I've stewed for three days now over a robbery. No it wasn't something expensive in the monetary sense, but it was something priceless taken from the Grands and I. And it makes no sense.
Not long ago I shared with you the crazy wonderful gift sent to us by our friend Gail from At the Farm. She sent us a box of rocks.....and lightening struck wood, shells, glass, feathers......all the things that the Grands and I drooled over. We talked over our use of said wonder items for weeks. Then we struck upon an idea to make an altar that the wind could blow through and take our love for all things earthly and spread it around. And the altar could be something we could add to as we go about collecting bits and pieces of the beauty of nature.
We were constructing this altar from one of the two vintage find screen doors we had gotten this spring. We affixed shells, rocks, bark, pinecones, herbs, dried flowers and grasses along with bits of glass and raffia in a mandala shape on the upper screen and used the middle wooden part to add a shelf with holes for candle holders so that we could really use the altar for our earth appreciation.
We finished it on Sunday late afternoon and put it on the front porch in it's place of honor. We had a dinner planned on Monday for the anointing of the altar and the fire pit was ready with pinon wood so that we could enjoy the evening even if it was cool.
I was washing the dishes Monday morning when I heard GK go out the front door. Then I heard this wail and I hobbled out front as quickly as I could. The altar was gone. GK was sitting on the concrete in hysterics. There was no sign of the altar.
I walked the neighborhood three different times of day and I have no doubt now that whoever took it, got away with it. The only thing I found was one of the blue feathers that Gail sent us from one of her walks of her wonderful and magickal Arkansas farm. I have cried for three days over this mess. And then I got up this morning and wrote to Gail to let her know. Screwed my head on again and realized that we can do it again......or not. But to be angry and sad about it only lets the ugly person who took our hard work love piece, win. And they can't.
I blame myself for not securing it to the wall as we were going to do Monday afternoon. But even that may have not kept them from taking what they wanted.
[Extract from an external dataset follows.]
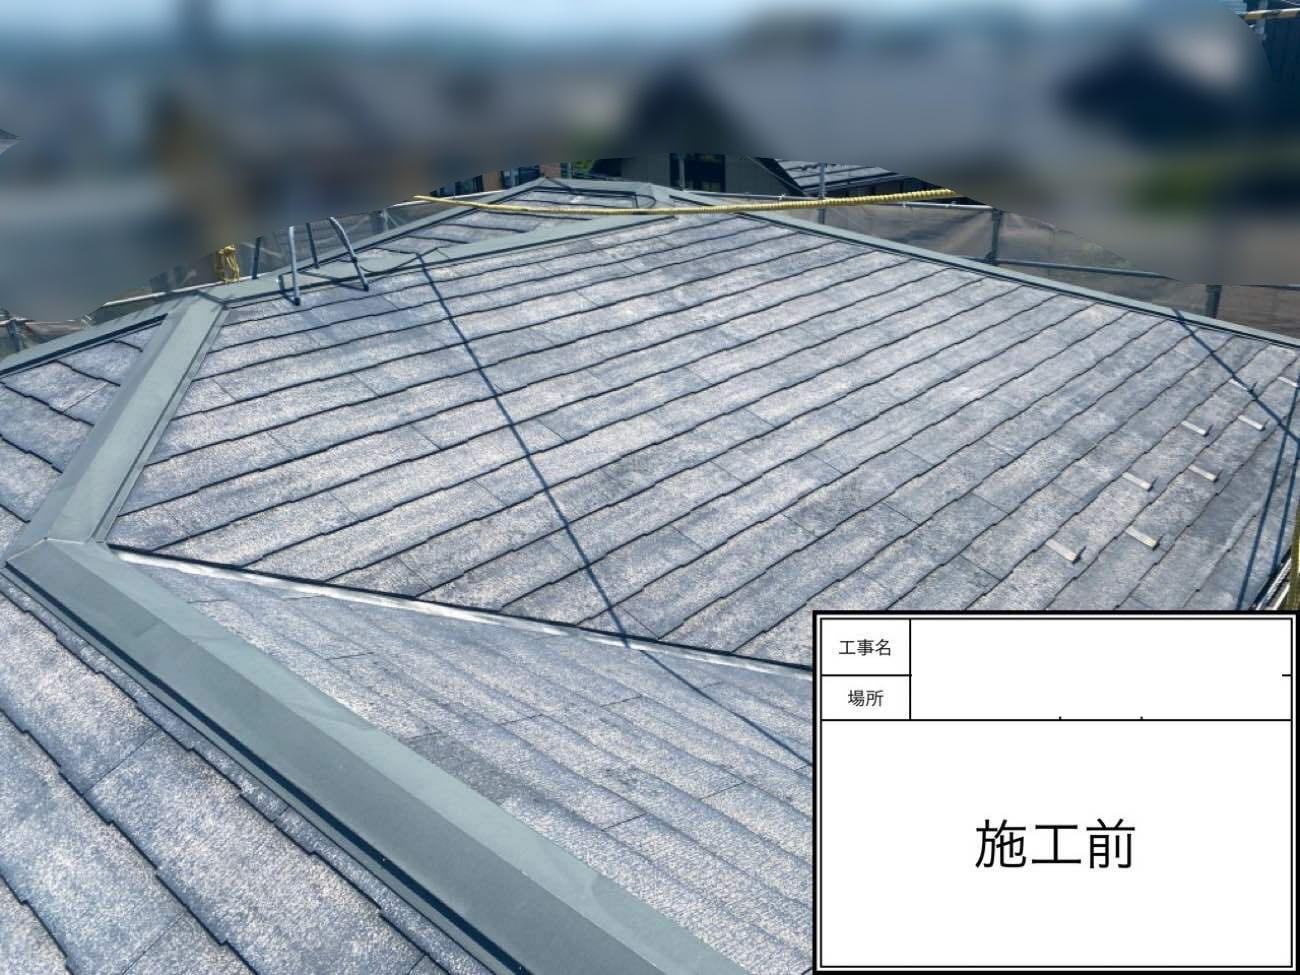 名古屋市北区で褪せて劣化した化粧スレート屋根の塗装工事をしました

All I can do it know that we did a damn fine job of making something beautiful enough that someone else needed to take it.
And the real heart breaker.......we were so busy and having such a great time with our creation that we have no pictures to share. Except the ones in our minds eyes. It was fabulous my lovelies. My grands are so OCD......or as GK says CDO cuz if you really are....you are going to alphabetize the letters. tee hee. Everything was a pattern, everything had a place, everything was orderly much like the Navajo sand paintings or other aboriginal dream work.
We were honoring our Mother and we did a good job. The wind is still taking our love and appreciation and spreading it every time the breeze blows through the screen door.....no matter where it is.